"Jangan bernapas kayak orang susah begitu, Eddy. Tarik napas yang panjang saja. Oksigen di bumi masih gratis, kok!" Rama melirik Edward yang sesekali mendengus pendek.

Edward hanya mencebik, malas menanggapi. Edward sering kali dibuat tidak mengerti dengan kelakuan Rama. Rama bisa menjadi seseorang yang penuh sopan santun di suatu waktu, kemudian menjadi orang yang paling tidak tahu tata krama di waktu yang lain.

Seperti saat diundang makan malam di mansion mewah milik keluarga Cassy. Rama mendadak berubah menjadi sosok elegan layaknya para bangsawan Eropa, bahkan tidak pernah menyentuhkan sikunya ke meja saat makan. Namun sekarang, bila saja Rama bukan pemilik rumah, Edward sudah akan menyeretnya keluar dan membiarkannya ketakukan sendirian di teras.

Rama melemparkan kacang polong yang diborongnya dari nenek penjual jajanan di kampus kemudian berusaha menangkapnya dengan mulut terbuka. Bukan masalah sebenarnya bila Rama berhasil melakukannya dan tidak membiarkan polongan bulat tersebut berceceran di lantai.

"Aduuuh!"

Edward menoleh pada Rama yang mengaduh sambil menggapai-gapai ke arahnya. Sebutir kacang nyasar masuk ke dalam rongga hidungnya.

"Buang napasmu keras-keras!"

Rama segera menutup sebelah lubang hidungnya kemudian menghembuskan napasnya kuat-kuat hingga biji kecil yang tersangkut tersebut melesat keluar.

"Duh, upilku bakalan berasa kacang polong nih!" Rama mengorek-ngorek hidungnya dengan sangat tidak beradab. Edward menghela napas lega lalu segera melemparkan kotak tisu sebelum Rama mengelap bekas korekannya di bawah meja.

"Astaga!"

Edward merutuk. "Kenapa lagi?!"

"Aku lupa minum obat yang diberi kak Vian! Padahal Chelly sudah ingatkan tadi!" Rama menepuk jidatnya.

"Terus kenapa kamu nggak minum?"

"Tadi itu aku lagi di jalan, ribet kalau mau minum obat lagi."

"Makanya belajar minum tablet! Kan praktis, tinggal telan saja."

"Buset, tinggal telan kerongkongamu! Kalau aku keselak terus obatnya salah masuk ke paru-paru bagaimana, coba?!"

"Itu kalau kamu minum obat sambil nge-rap!"

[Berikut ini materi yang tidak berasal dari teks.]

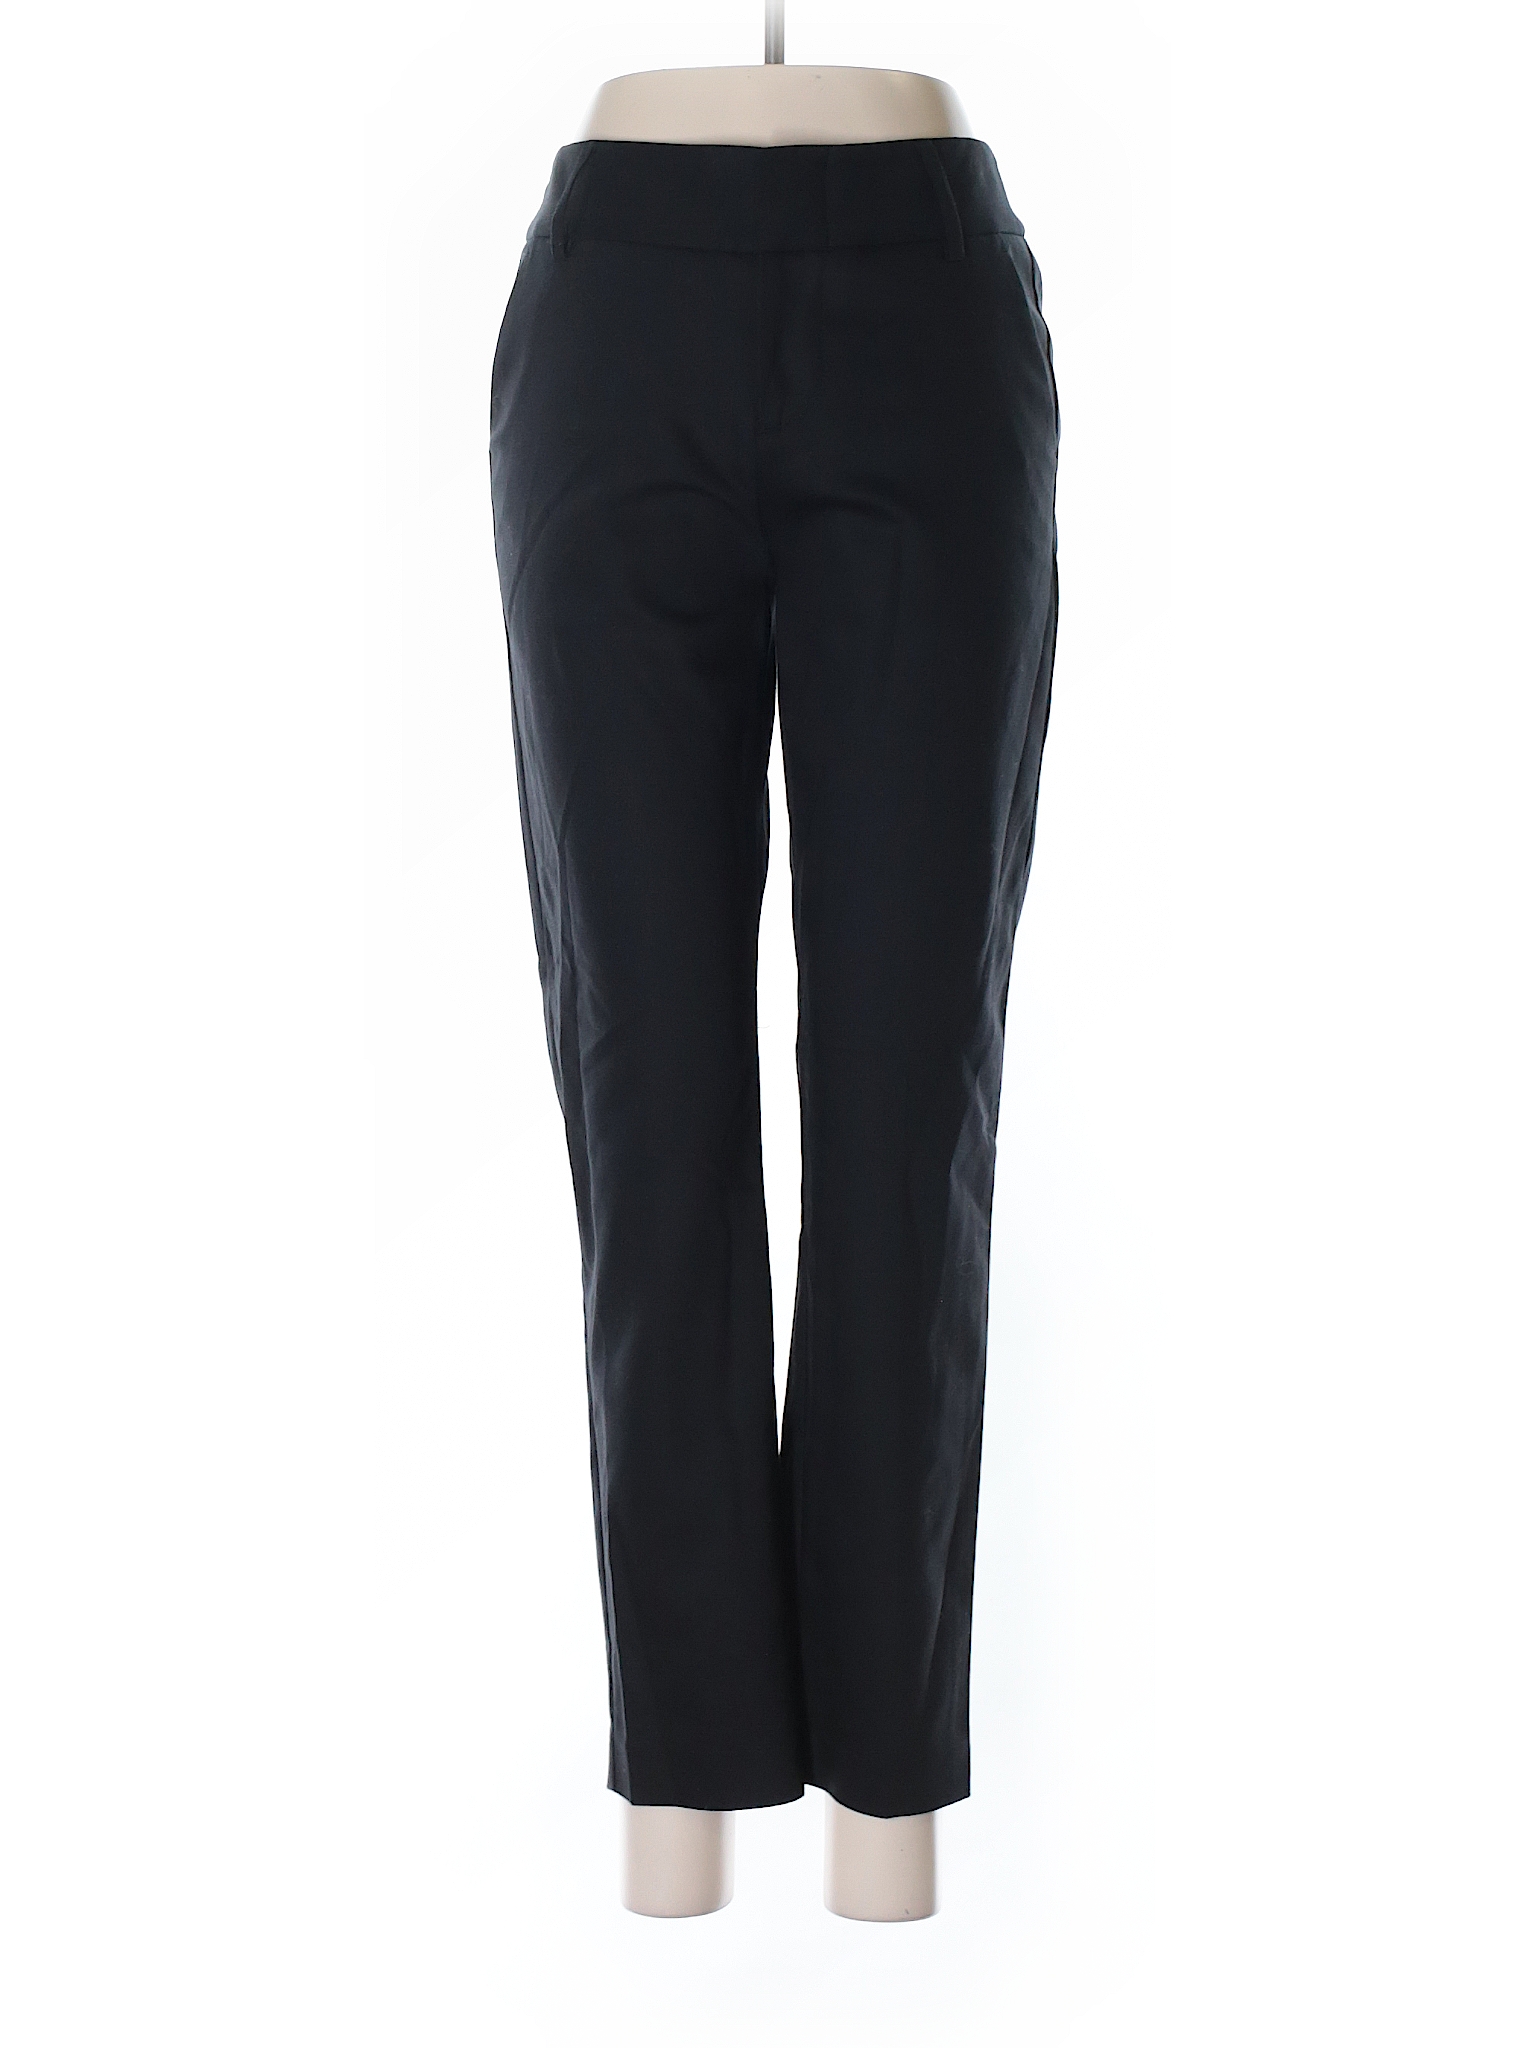 Alice + Olivia Solid Black Dress Pants Size 0 - 92% off | thredUP

Edward mengamati Rama yang meminum obatnya dengan ekspresi kecut, padahal analgesik yang diberikan Vian atas permohonannya adalah sediaan sirup rasa stroberi. Saat berusaha fokus pada perhitungannya kembali, cowok blasteran berkulit pucat tersebut harus dikejutkan lagi dengan tingkah Rama yang tiba-tiba melakukan gerakan salto dan berguling-guling di karpet.

"Apa-apaan sih! Bikin kaget orang saja kamu!" Edward mengelus dada.

Rama menunjuk kotak obatnya. "Dikemasan ini tertulis 'kocok dahulu', tapi aku lupa."

"Terus kamu salto-salto tidak jelas begitu biar obatnya bisa tercampur homogen?"

Rama mengangguk penuh keyakinan, membuat Edward mengerang frustrasi.

"Makan kayak tadi ribet, mending dimakan langsung, ya!" Rama kembali pada kacang polongnya yang berhamburan di lantai.

"Jelas iya! Banyak gaya sih, kamu!" cerca Edward yang kemudian melotot saat Rama mengumpulkan kembali kesemua polongan yang tercecer di atas kertas laporannya. "Kamu nggak berniat makan itu lagi, kan?"